This appears to be caused by FEATURES="pid-sandbox".
I can reproduce the issue using the provided instructions, but I'm not much closer to resolving it. I think we need to better understand exactly what sequence of forks/unshares/mounts causes /tmp/stage3 to appear in the /proc/self/fd symlink targets. I haven't quite figured out how to debug that.
There's definitely something that breaks when we unshare(CLONE_NEWNS|CLONE_NEWPID). Any files that were opened between the chroot() and the unshare() call have their paths update in /proc to include the full path as it would exist outside the chroot. I'm unable to reproduce the behavior with Portage inside a systemd-nspawn container, so I suspect it does something to make the kernel behave better in this scenario.
(In reply to Mike Gilbert from comment #7) > I'm unable to reproduce the behavior with Portage inside a systemd-nspawn > container, so I suspect it does something to make the kernel behave better > in this scenario.

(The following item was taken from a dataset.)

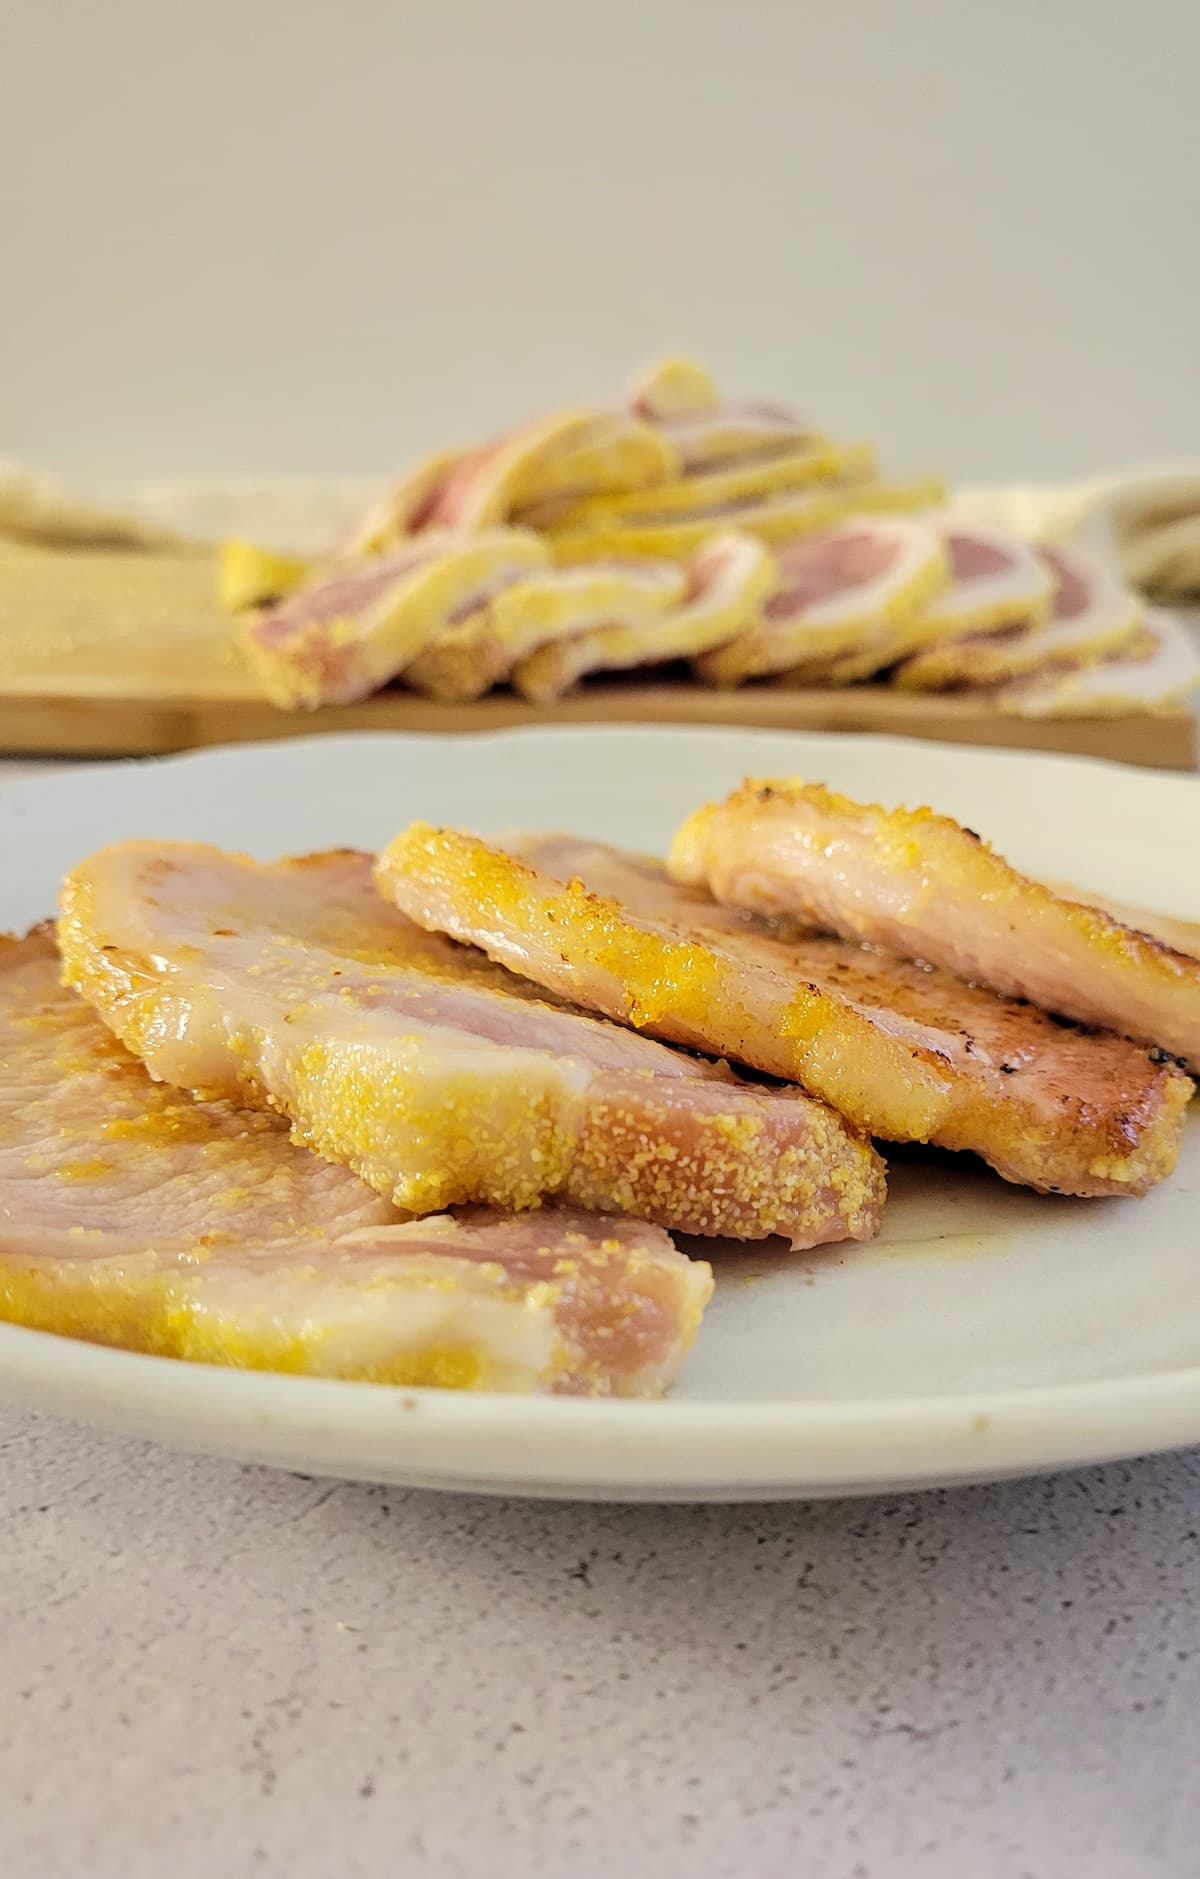 4 slices of cooked peameal bacon on a plate, more stacked on a cutting board in the background

I poked around in systemd-nspawn, and found that instead of chroot it called a mount_switch_root function that calls this interesting function that combines pivot_root and umount2: https://github.com/systemd/systemd/blob/main/src/shared/mount-util.c#L456C1-L470C2 > static int mount_switch_root_pivot(int fd_newroot, const char *path) { > assert(fd_newroot >= 0); > assert(path); > > /* Let the kernel tuck the new root under the old one. */ > if (pivot_root(".", ".") < 0) > return log_debug_errno(errno, "Failed to pivot root to new rootfs '%s': %m", path); > > /* Get rid of the old root and reveal our brand new root. (This will always operate on the top-most > * mount on our cwd, regardless what our current directory actually points to.) */ > if (umount2(".", MNT_DETACH) < 0) > return log_debug_errno(errno, "Failed to unmount old rootfs: %m"); > > return 0; > }
With the information above, I've been able to combine unshare+pivot_root to achieve the same effect as systemd-nspawn does. In the reproduction steps above, replace everything between unpacking the stage3 and entering the chroot with the following: unshare -m mkdir old-root new-root mount --bind . new-root cd new-root mount --types proc /proc proc mount --rbind /sys sys mount --make-rslave sys mount --rbind /dev dev mount --make-rslave dev mount --bind /run run mount --make-slave run pivot_root . old-root exec chroot . /bin/bash "fixed" output: # ebuild /tmp/test/test/test/test-0.ebuild clean configure Appending /tmp/test to PORTDIR_OVERLAY... >>> Unpacking source... >>> Source unpacked in /var/tmp/portage/test/test-0/work >>> Preparing source in /var/tmp/portage/test/test-0/work ... >>> Source prepared. >>> Configuring source in /var/tmp/portage/test/test-0/work ... * /bin/bash -c ls -l /dev/stderr lrwxrwxrwx 1 root root 15 Jan 27 12:54 /dev/stderr -> /proc/self/fd/2 * /bin/bash -c ls -l /proc/self/fd total 0 lr-x------ 1 portage portage 64 Jan 27 13:06 0 -> /dev/null lrwx------ 1 portage portage 64 Jan 27 13:06 1 -> /dev/pts/4 lrwx------ 1 portage portage 64 Jan 27 13:06 2 -> /dev/pts/4 lr-x------ 1 portage portage 64 Jan 27 13:06 3 -> /proc/34/fd * /bin/bash -c ls -l /dev/pts total 0 crw--w---- 1 1000 tty 136, 0 Jan 27 13:05 0 crw--w---- 1 1000 tty 136, 1 Jan 27 12:54 1 crw--w---- 1 root tty 136, 2 Jan 27 13:06 2 crw--w---- 1 1000 tty 136, 3 Jan 27 13:01 3 crw--w---- 1 portage portage 136, 4 Jan 27 13:06 4 c--------- 1 root root 5, 2 Jan 27 12:54 ptmx * /bin/bash -c echo a >&2 a * /bin/bash -c echo a >/dev/stderr a >>> Source configured.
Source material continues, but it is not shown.